● **WHAT YOU HAVE TO DO**
Copy only what lies from the line containing "Ocean Dream Boutique Grand" through the line containing "Tổng Hợp Những" in the entries below, keeping both end lines exact and dropping every picture.

● **RECORDS FOR THIS TASK**
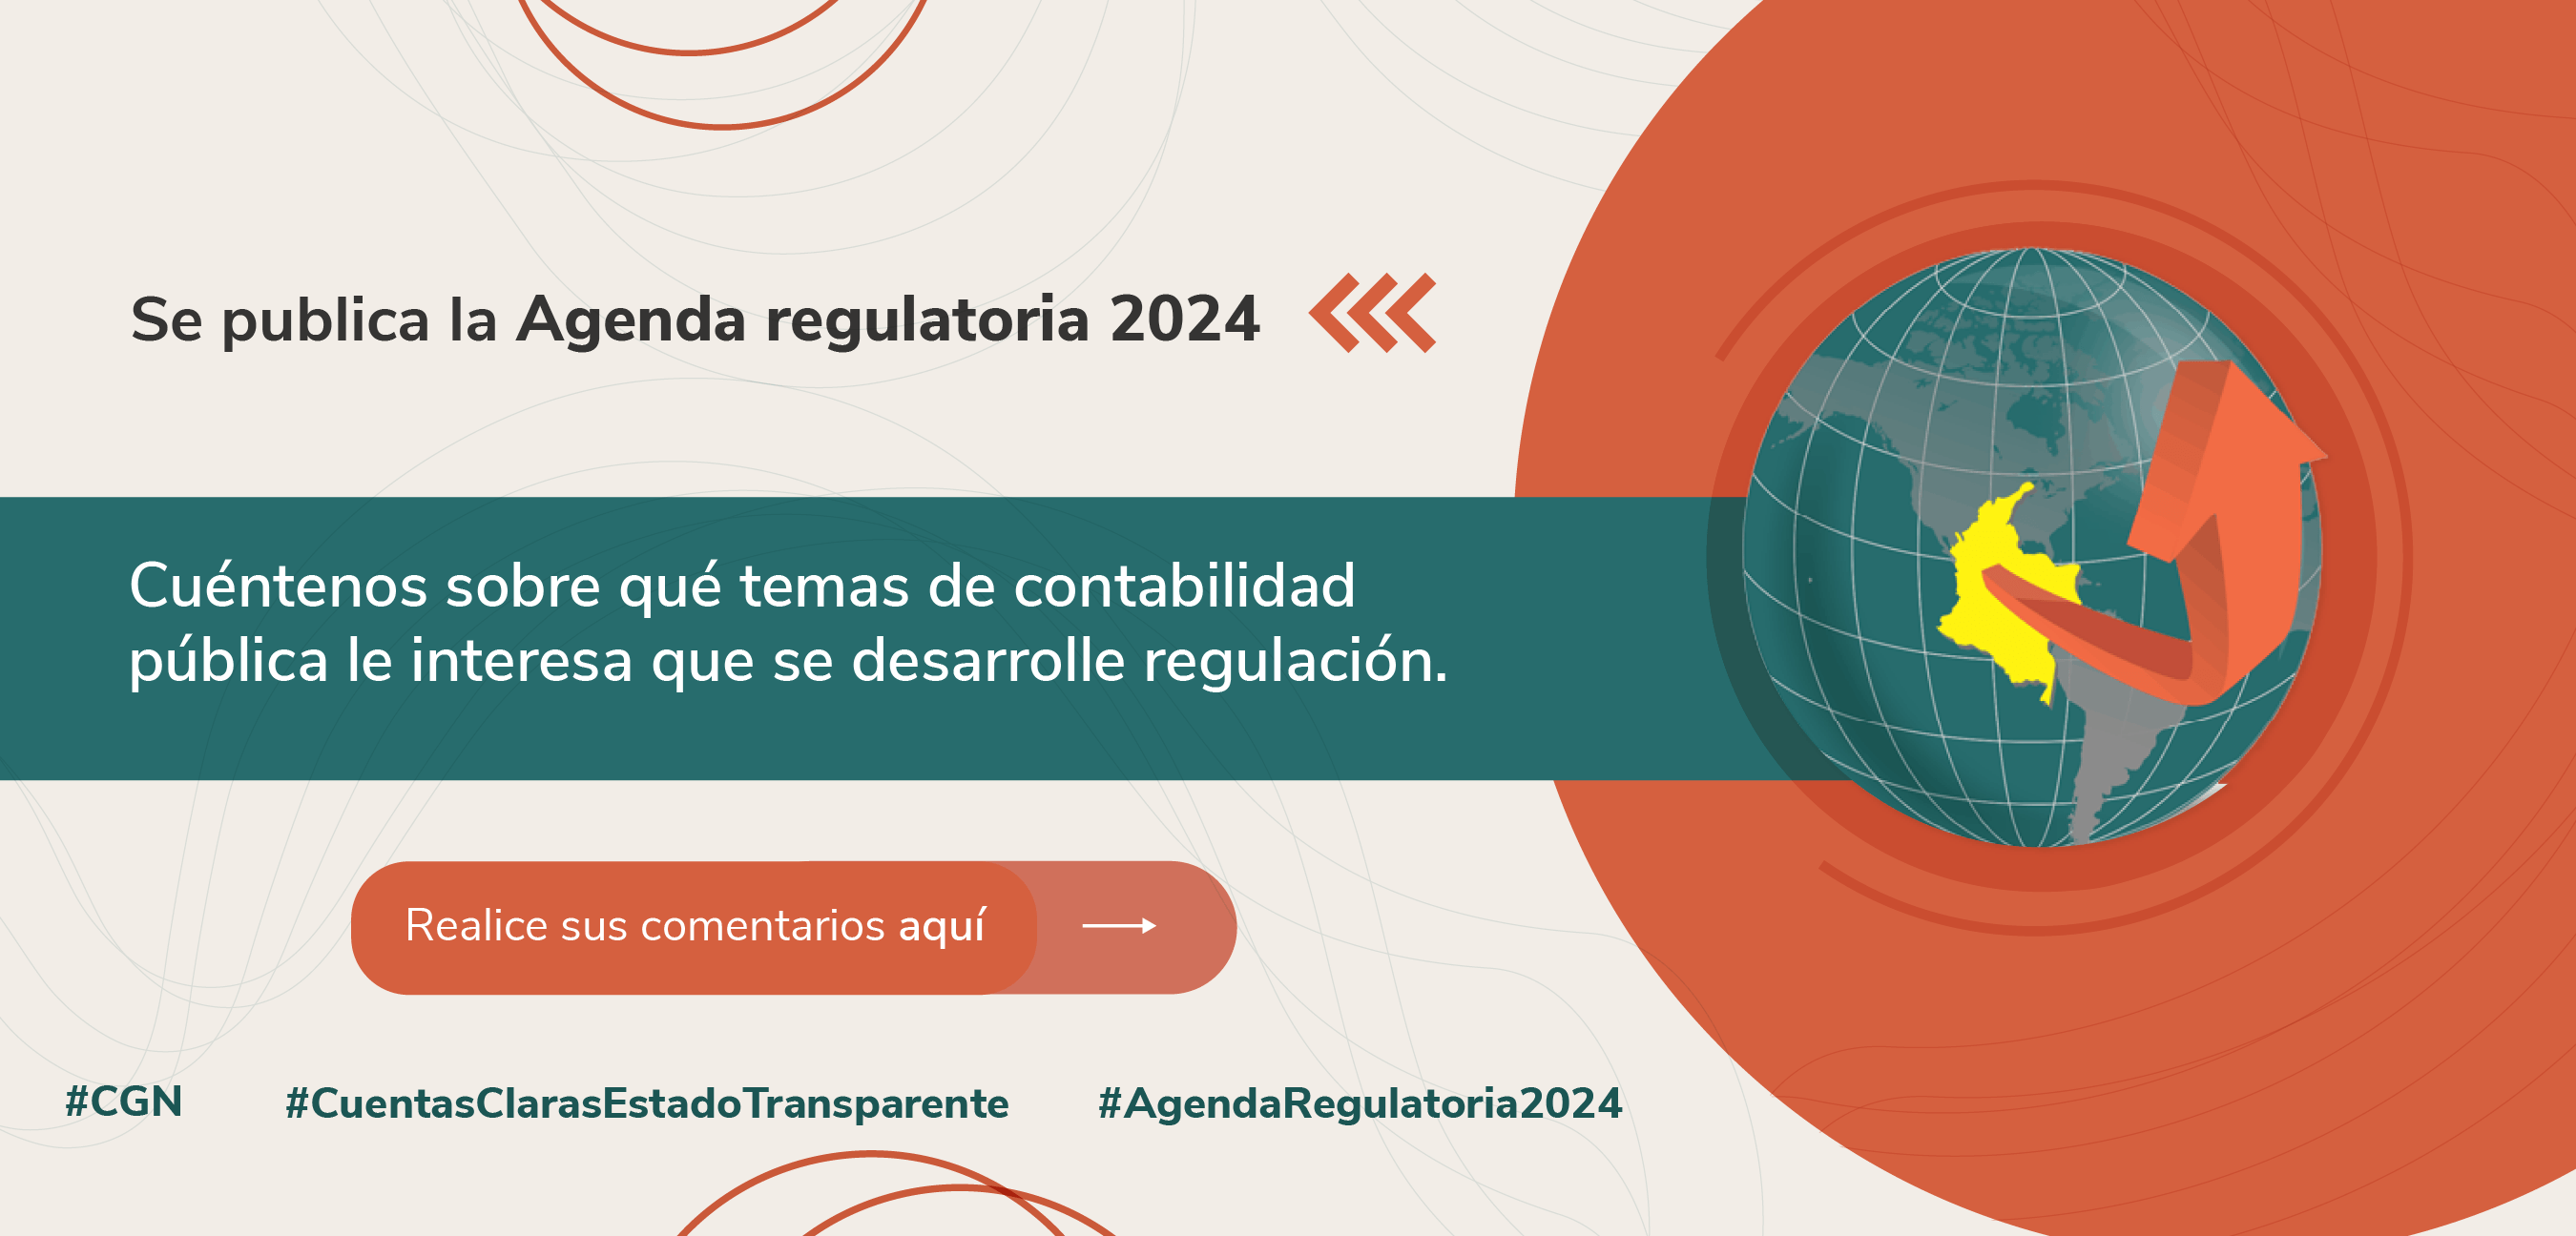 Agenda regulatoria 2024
...
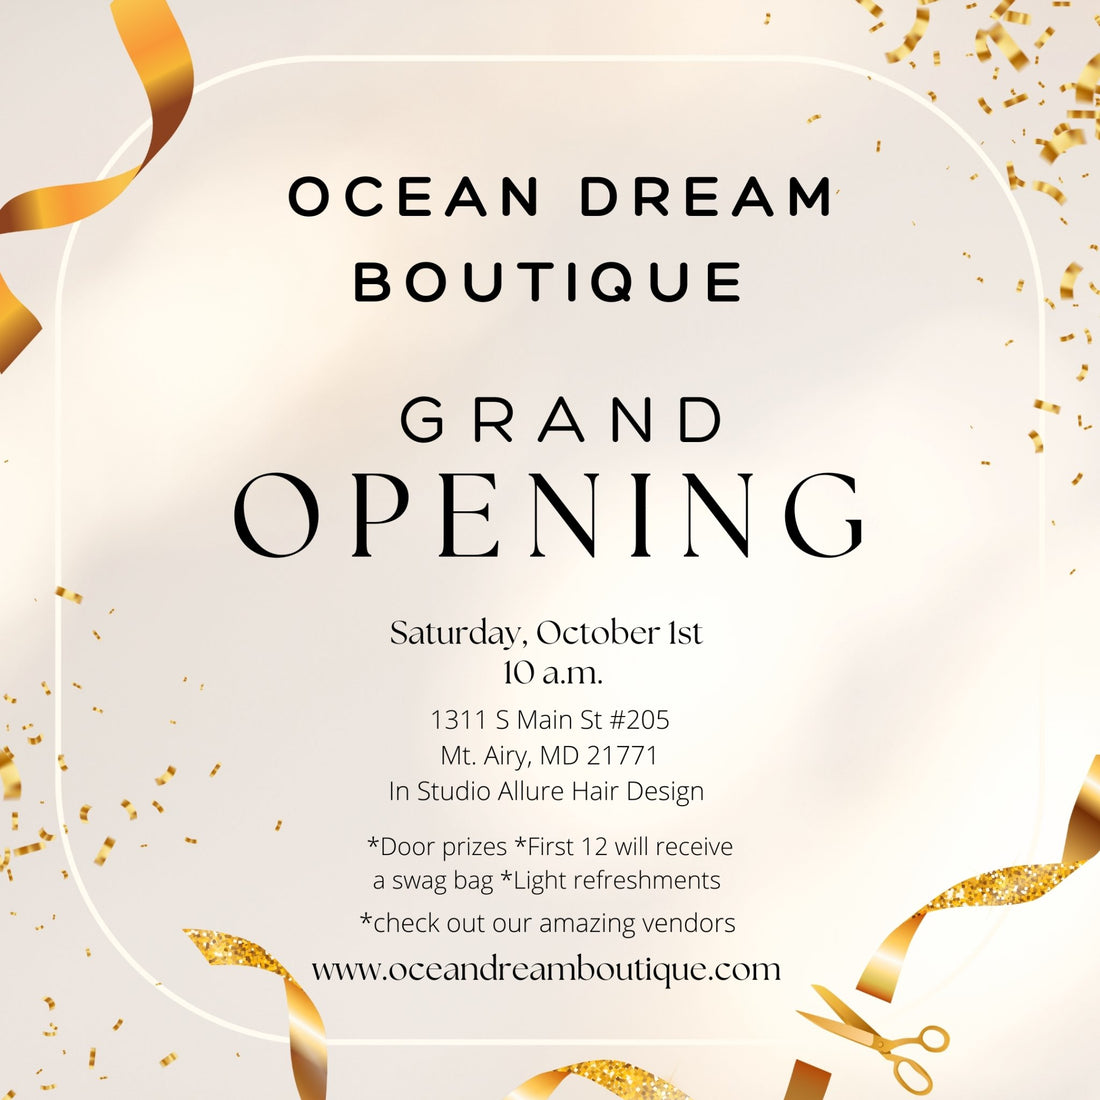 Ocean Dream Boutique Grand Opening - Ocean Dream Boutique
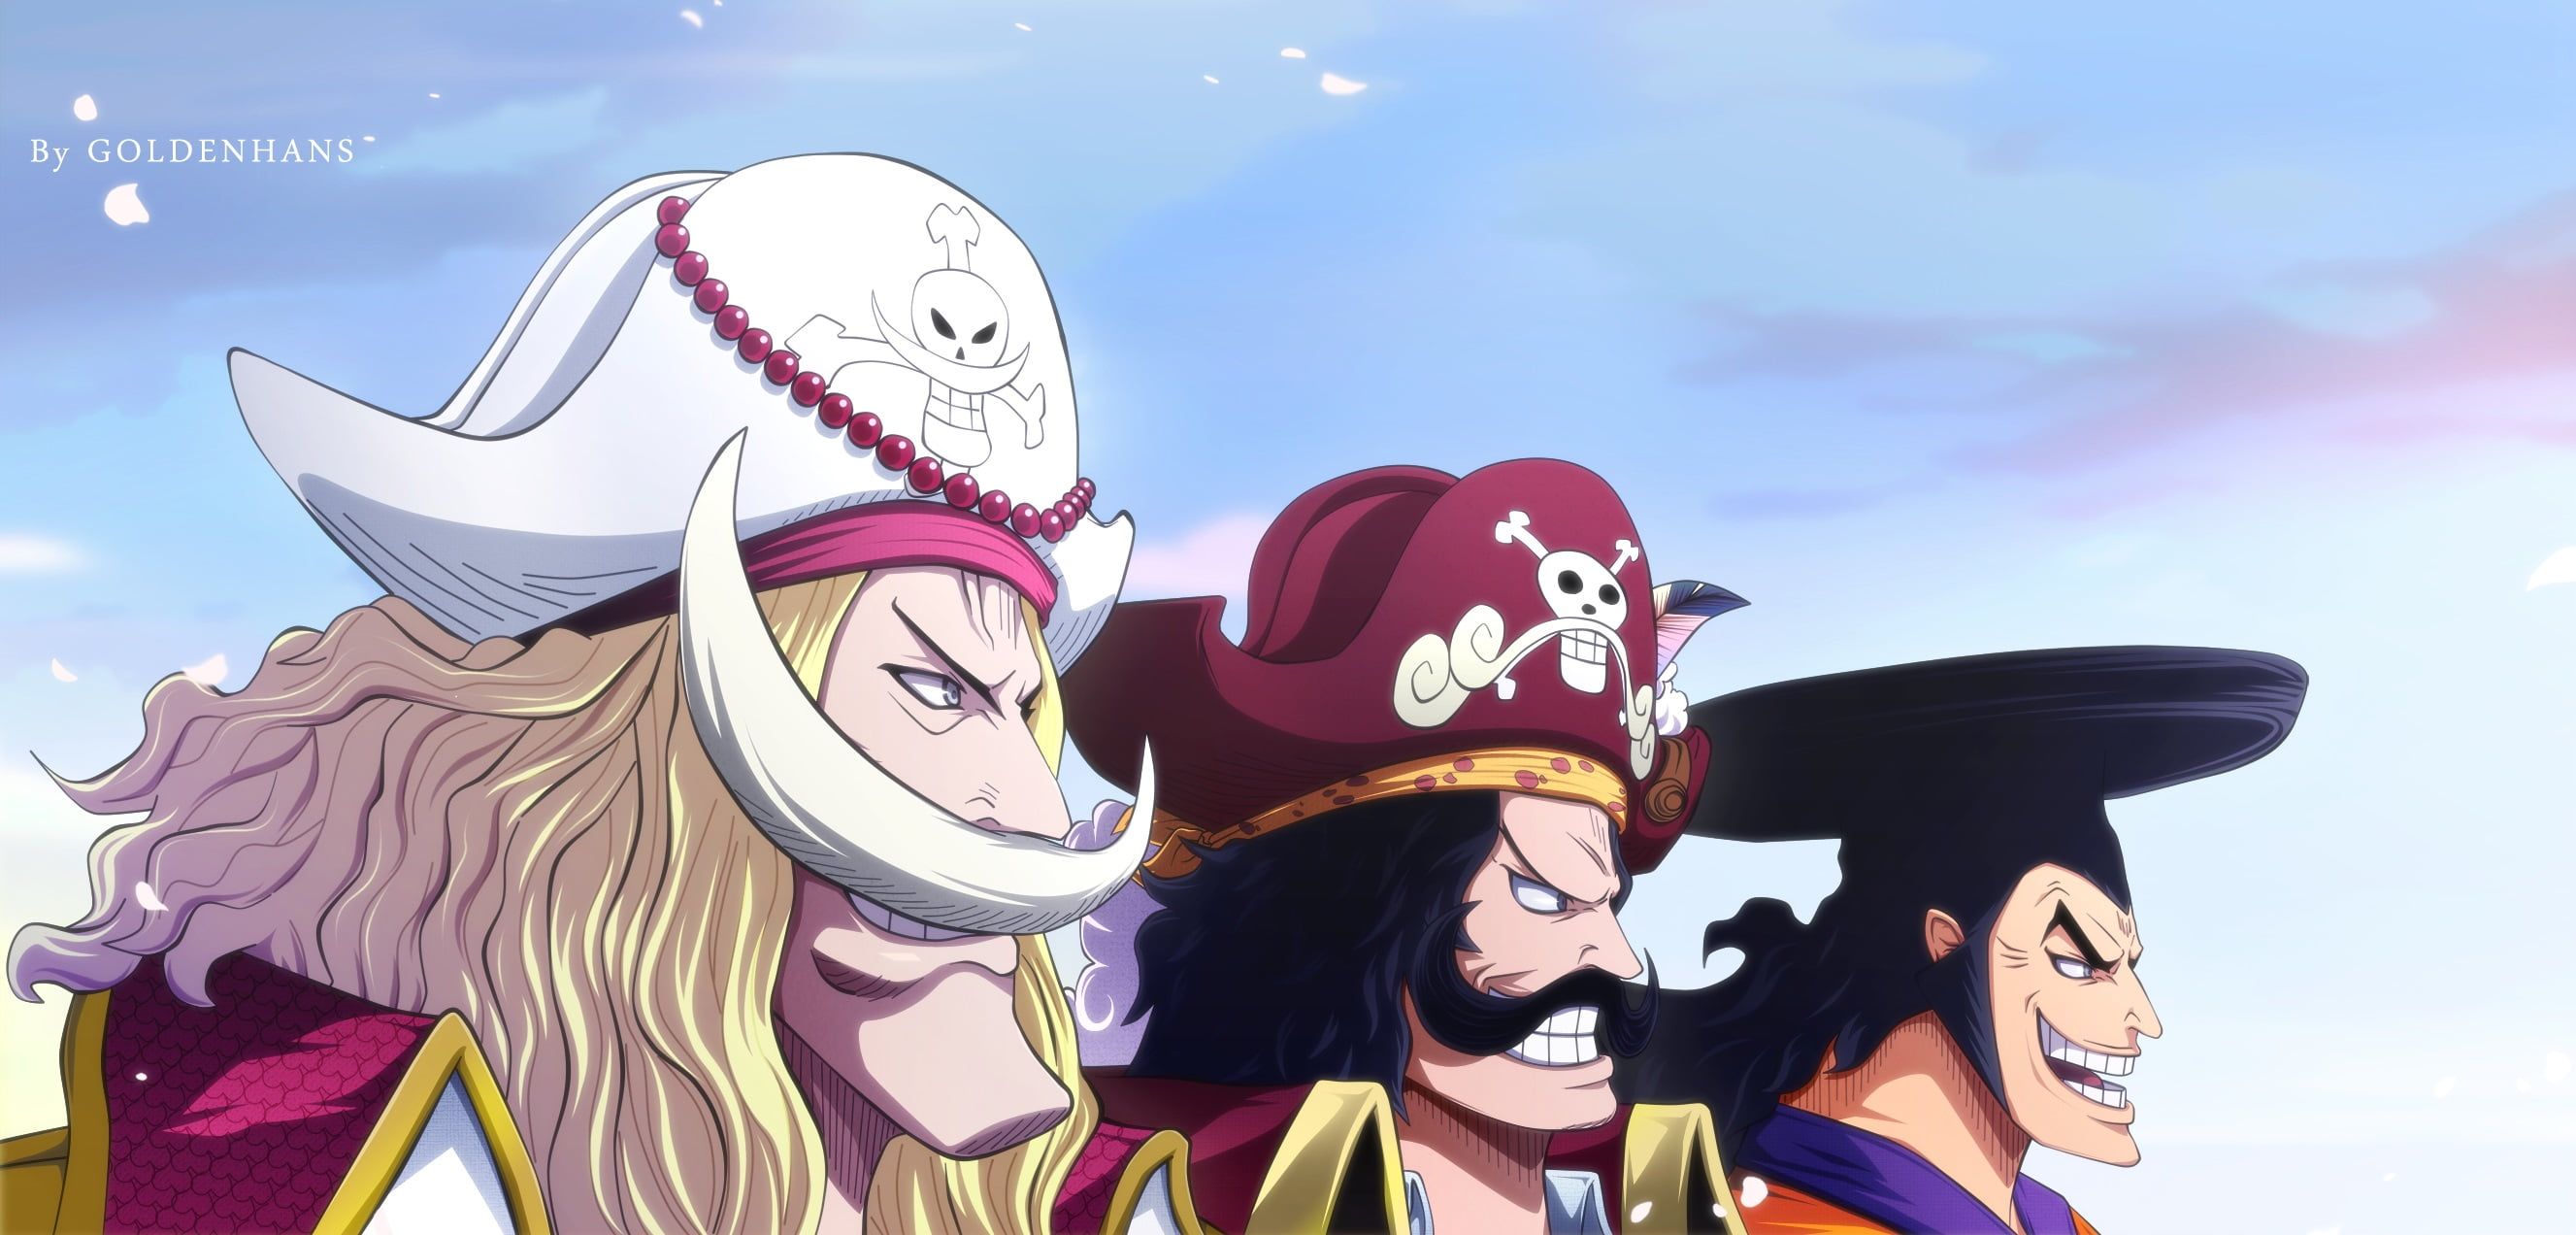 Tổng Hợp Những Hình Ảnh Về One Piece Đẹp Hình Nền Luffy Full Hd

● **RESPONSE AREA**
 Ocean Dream Boutique Grand Opening - Ocean Dream Boutique
 Tổng Hợp Những Hình Ảnh Về One Piece Đẹp Hình Nền Luffy Full Hd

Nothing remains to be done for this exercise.